As the wagon passed, snarling and mewing noises arose from within the cage, and the rotund man who drove the wagon glanced over his shoulder as if he was not fully trusting to the securings under the sheet. On the far side of a wagon rode some folk who were closer to Caewen’s own age, and northerners too. She perked up, paying attention. She might be able to join them perhaps? The thought of someone friendly to talk to made her hopeful. She looked at them with a considering eye. There were two of the dark skinned Forsetti, tall and well built, who looked like they might be brother and sister. Behind them, riding at a small gap, were five or six of the sallow Dearg Modsarie. Both Forsetti and Modsarie traders had passed through Caewen’s village from time-to-time, although Caewen knew little about either folk, past roughly what they looked like and a few generalities of their customs. The Forsetti, she knew from stories, were castaways. They had arrived on the Rainswept Shore centuries ago in a fleet of ragged outriggers from a land of islands no one in the north had ever heard of. They settled in the Forsetti forest because it was empty. Other peoples who had tried to settle the forest had never had much luck, but the Foresetti seemed to fare better. They brought nothing with them on their boats but for stone and wood tools, cloth and foreign seeds, yet learned to smelt iron and work stone quickly enough. Though their language and customs were odd, in most ways they had grown to look much like other northern folk. The Modsarie on the other hand had a much more grim reputation. They worshipped some manner of water god in the lochs and rivers of their homeland, and there were endless rumours of human sacrifices and bloody night-rituals. Caewen looked at them, with more wariness and less interest in trying for friendship. At the head of the Modsarie rode a young, harsh-faced woman, with pinched features and alert eyes. Those riding behind her were probably retainers: they all carried shields with the same chalk-white kelpie on a grey-brown field. Where the Forsetti were probably best described as disinterested in the great war between the goddesses of day and night, the Modsarie were definitely night-worshippers, though and through.

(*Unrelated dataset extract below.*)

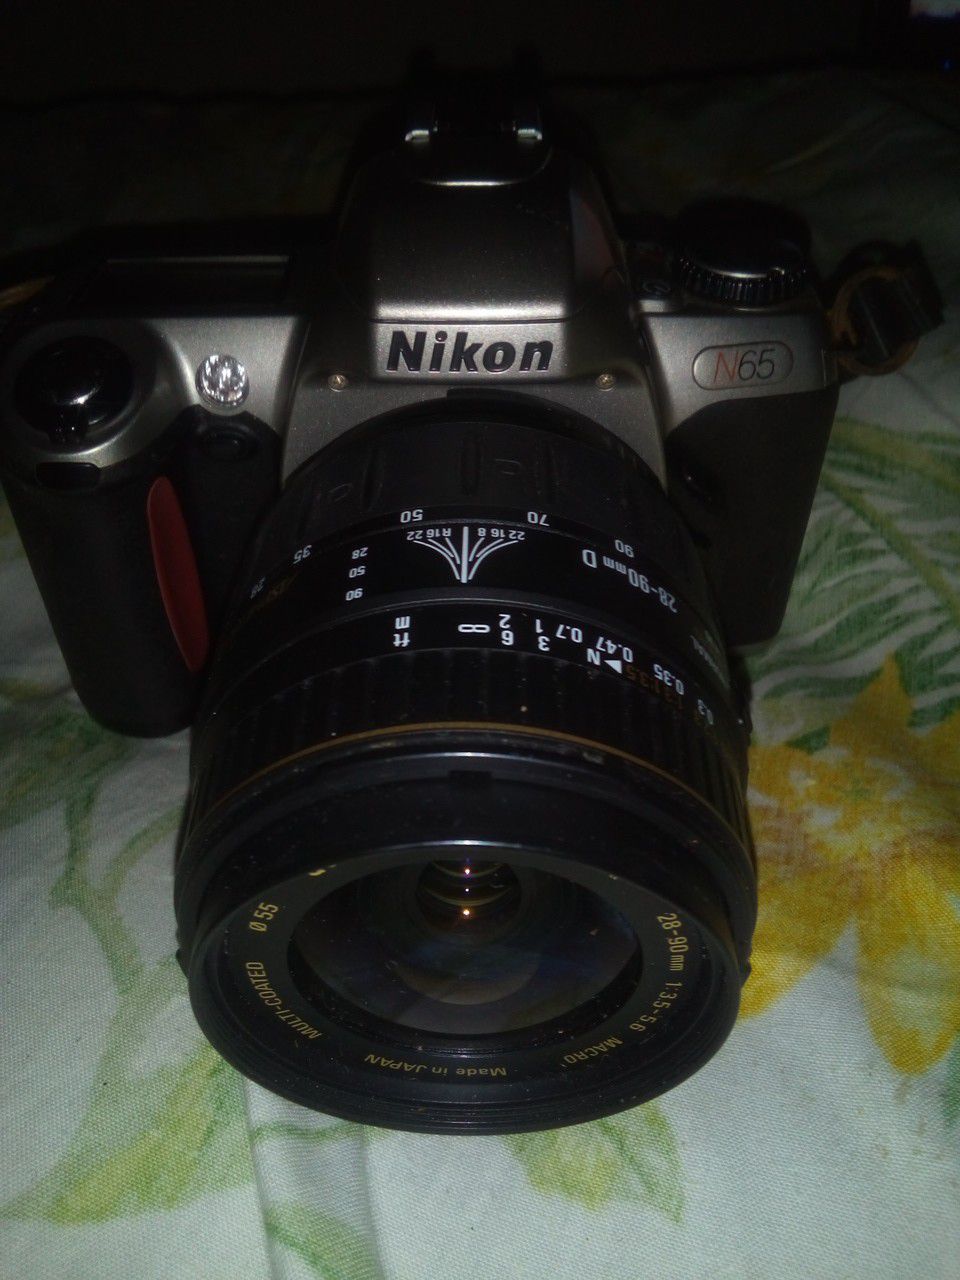 Nikon N65 Camera, perfect for studying photography

Caewen looked up and down the line of travellers. “I suppose we should join the tide?”
“Hur.”
Dapple was about to step down towards the main road when a clanging cowbell drew both of their glances. There was a man standing a little way from the crossroad. He was dressed in an outfit of red and tan motley, and was currently in the act of loudly clanging a bell. His face wandered somewhere on the road from skinny to scrawny, and a thatch of straw coloured hair escaped all over the place from under a leather skullcap. “Haello there!” he called to them. “Yes, you.” His grin was sort of manic and had an infectious quality.
“He doesn’t look dangerous,” said Caewen.
“Looks are looks,” said Dapplegrim, but they walked over to him all the same.